I'm really enjoying sharing recipes:

rotessiere (sp?) chicken (or grill on your own)
1 ginger root
4 to 6 Green onion stalks
Olive Oil
Salt
brown or white rice

grilled chicken, shredded set aside

grate ginger, I like to use the big holes on the grater
chop green onions
combine in a bowl the green onions, ginger, about 1/4 cup of olive oil and salt (to your liking), the saltier the better---put aside

serve the chicken on top of rice (brown or white) then drizzle ginger sauce on top.

Enjoy!

Day One

I Survived.
Well, I should add that today we didn't really do much but get to know each other stuff. That entailed: weigh-in, body fat assessment, goal confessions, and what I would like to call "returning back to middle school P.E.".
I don't know about you guys but several times in the school year, our P.E. coaches made us do group tests. I think they were required by school law. They indicated your physical education level or something. At Jefferson Middle School in Abilene, TX--we had to perform each task individually in front of the class. Today at 5:30 AM; I was right back to that humiliation.
It wasn't so bad that they divided us into groups of three; but the humiliation factor was still present:
Chin ups: 3.5
Sit ups: 2
Push up (girly style): 10. I was super proud of that.
Mile Run: Way too long, I cannot even share.

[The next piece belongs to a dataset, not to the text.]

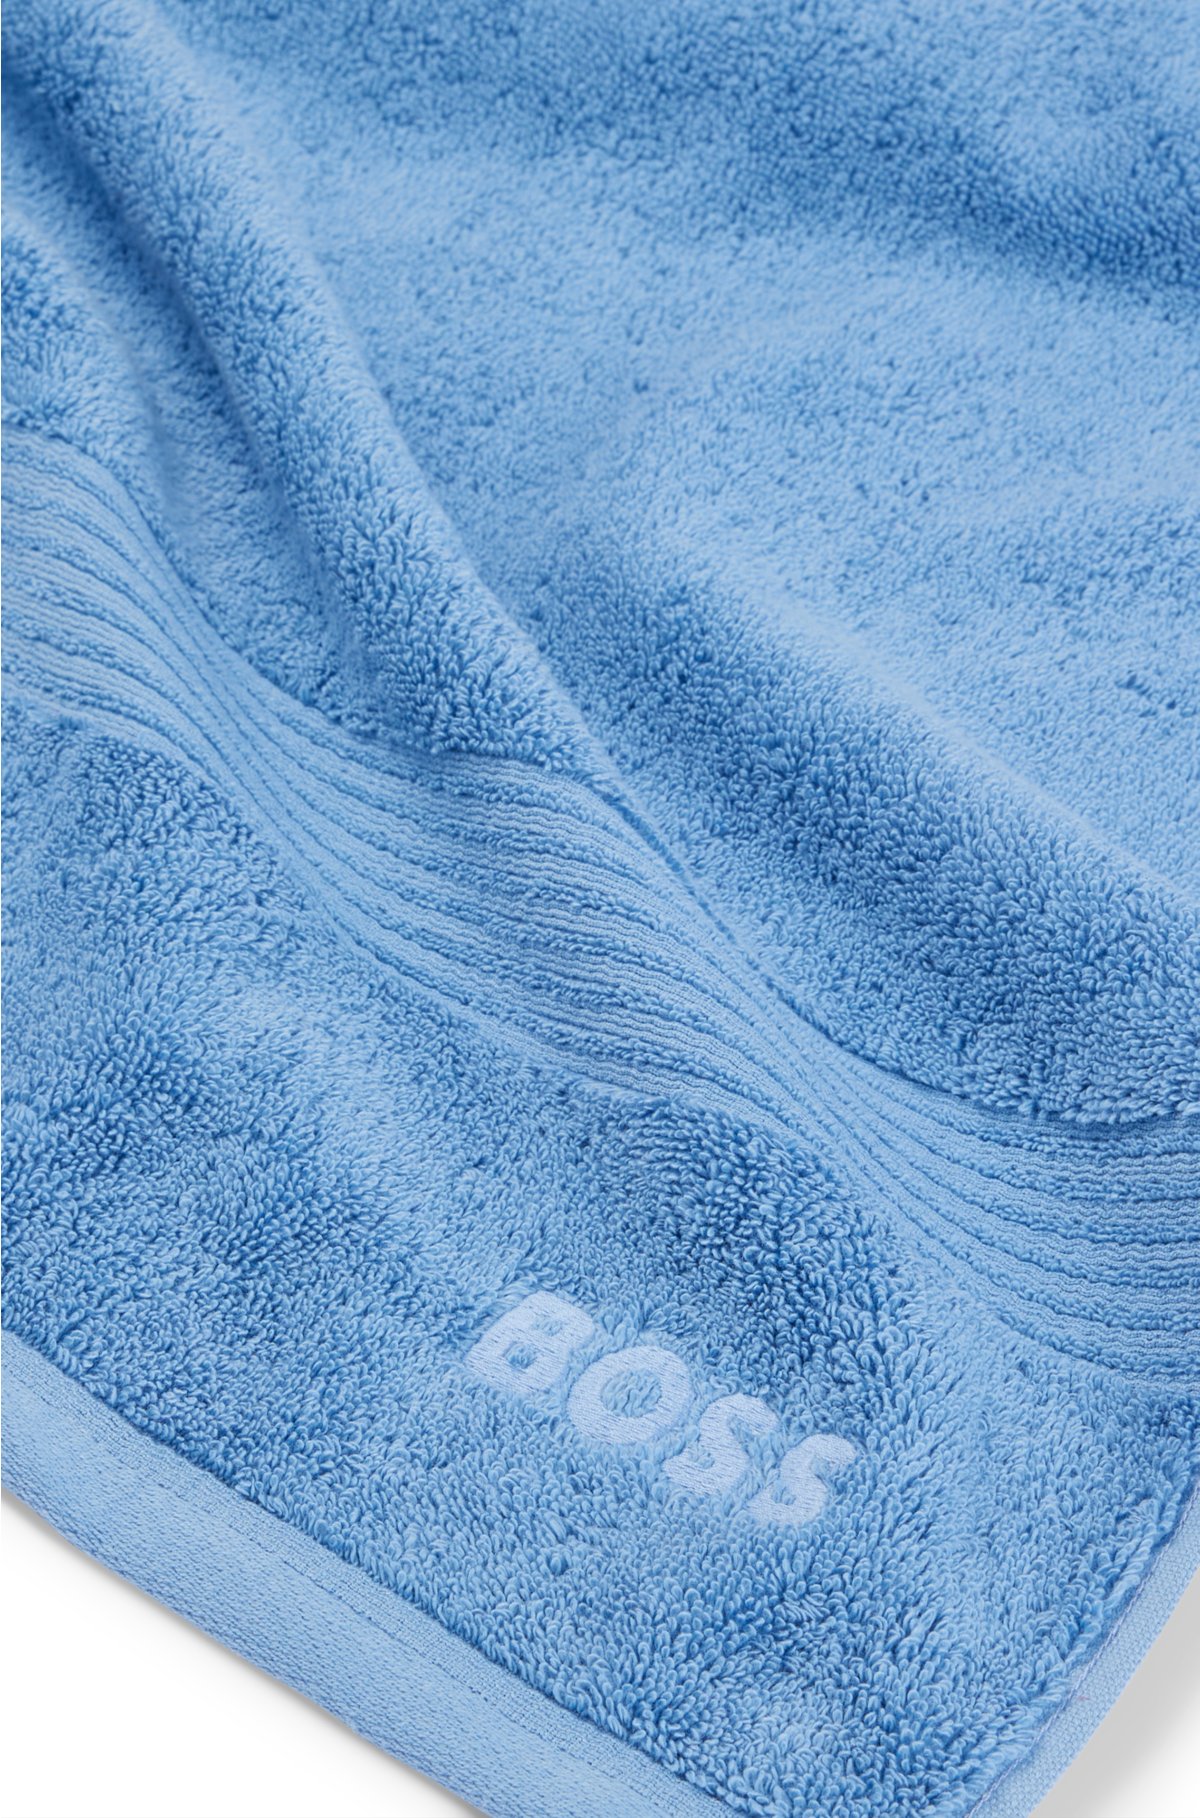 È meglio l'asciugamano in cotone o in microfibra? - Asciugamani da bagno

The good news is that my weigh in/body fat percentage/height are all good. The instructor told me that I was right thinking that I didn't need to lose that much but tone what I have. She made sure to note that if I did lose a lot of weight it would be from my chest and booty. We both agreed those were my best assets; so not to focus on those. OK, not so much, but she did tell me that losing a lot of weight would make me look un-proportional and we don't want that.